The most recent research has shown that in many fields of scientific knowledge, from the humanities to medicine, through the social sciences and engineering, sex and gender variables are insufficiently considered. Stereotypes and biases persist in research and in technological developments, which often construct as a universal norm what are the realities, experiences and expectations of a group of people, mostly males, mostly white and of a certain economic level, and they consider the realities of other people as deviations from the norm. Science, like any other field of human activity, is not free from the cultural and social conditioning factors of its time. Gender stereotypes, and the lower social valuation of women are often transferred to a stereotyped and lesser consideration of their specific realities, whether of a social or biological nature, in research.
In recent decades, gender studies have contributed to revealing and knowing hitherto unexplored areas of reality and also to reducing biases and errors in concepts and theories. In some cases, notably in social sciences and humanities, they have contributed to important reformulations of the disciplinary foundations of some fields of knowledge. In other areas there is still much to be done and, to move forward, it is necessary to foster a fertile cross between gender studies and the rest of the fields of knowledge. Gender is, then, a clear field of innovation in science and technology.
After the signing of the Amsterdam Treaty of 1959, which established equality between men and women as a specific task of the European Community and as a transversal objective that affects all community tasks, the European Commission formalized its commitment to advance equality of gender in research: (European Commission (1999) Women and science: mobilizing women for the benefit of European research, Communication of the European Commission, Brussels). From here, the European Union has made it a priority to introduce gender into the contents of research, in its double version of, on the one hand, addressing the realities of both women and men and, on the other, promoting and Consider gender-specific research to fill gaps in knowledge. Thus, from the V and VI Framework Programs for Research of the EU, the gender perspective has been introduced.
With these same objectives, the European Commission included in the VI Framework Program a requirement for gender analysis to be considered as one more variable, comparable to any other, whose relevance must be taken into account. Important research institutions in the USA, in the Scandinavian countries and in other European countries such as Austria already require the systematic consideration of gender and sex variables in the projects they finance. The United Nations, in its agreement on Science and Technology adopted in March 2011, also mentions the need to incorporate gender analysis into scientific research. The decision adopted by the Seventh Framework Program for Research of the European Union establishes that the integration of the gender dimension and gender equality will be addressed in all areas of research (Decision nº 1982/2006 / Cede 18/12/1986 , IJ L412 30/12 / 2006.p.1). And this same statement has been extended in the current Horizon 2020 Program, which considers gender an analytical category that cuts across the entire research program.
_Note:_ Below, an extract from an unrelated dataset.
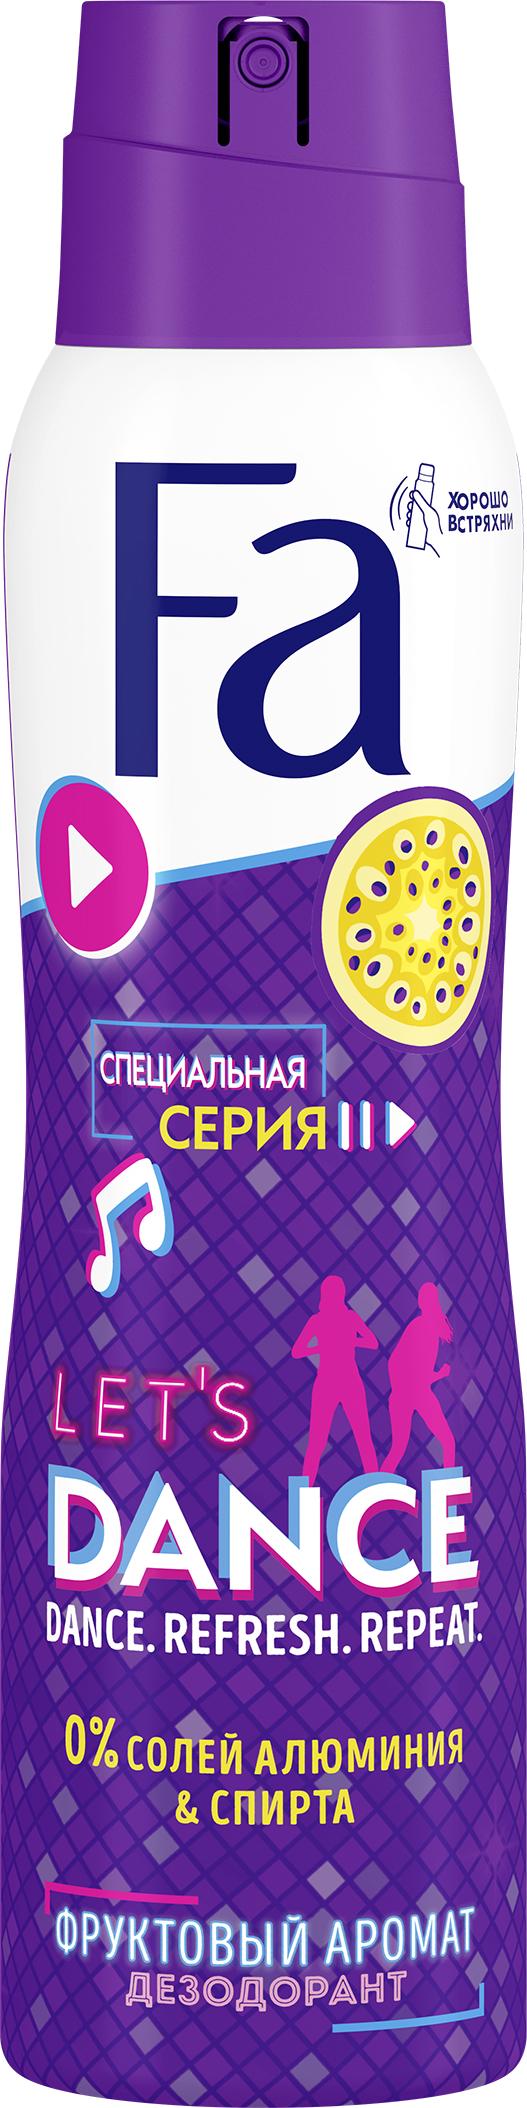 FA LET'S DANCE ДЕЗОДОРАНТ АЭРОЗОЛЬ 150МЛ*12

In our country, the inclusion and promotion in the university and scientific policy of programs of training, research and teaching of gender equality in a transversal way is present in all our most recent legislation: Organic Law 1/2004 on Integral protection measures against Gender Violence, Organic Law 3/2007 on Effective Equality of Women and Men, RD 1393/2007 establishing the organization of university education and the LOMLOU (Organic Law 4/2007). Likewise, the Strategic Plan for Equality of Opportunities 2008/2011, which was developed in 12 priority areas of action, also showed the opportunity to carry out university programs of gender study in accordance with national and community regulations. In this sense, Axis 4 (Innovation) is particularly relevant, which refers to mainstreaming, to the improvement of knowledge, to the prominence of women and to the feminization of science and technology. Aspects that also affect the data contained in the White Paper on the situation of women in Spanish science, published by the Women and Science Unit of the Ministry of Science and Innovation in 2011.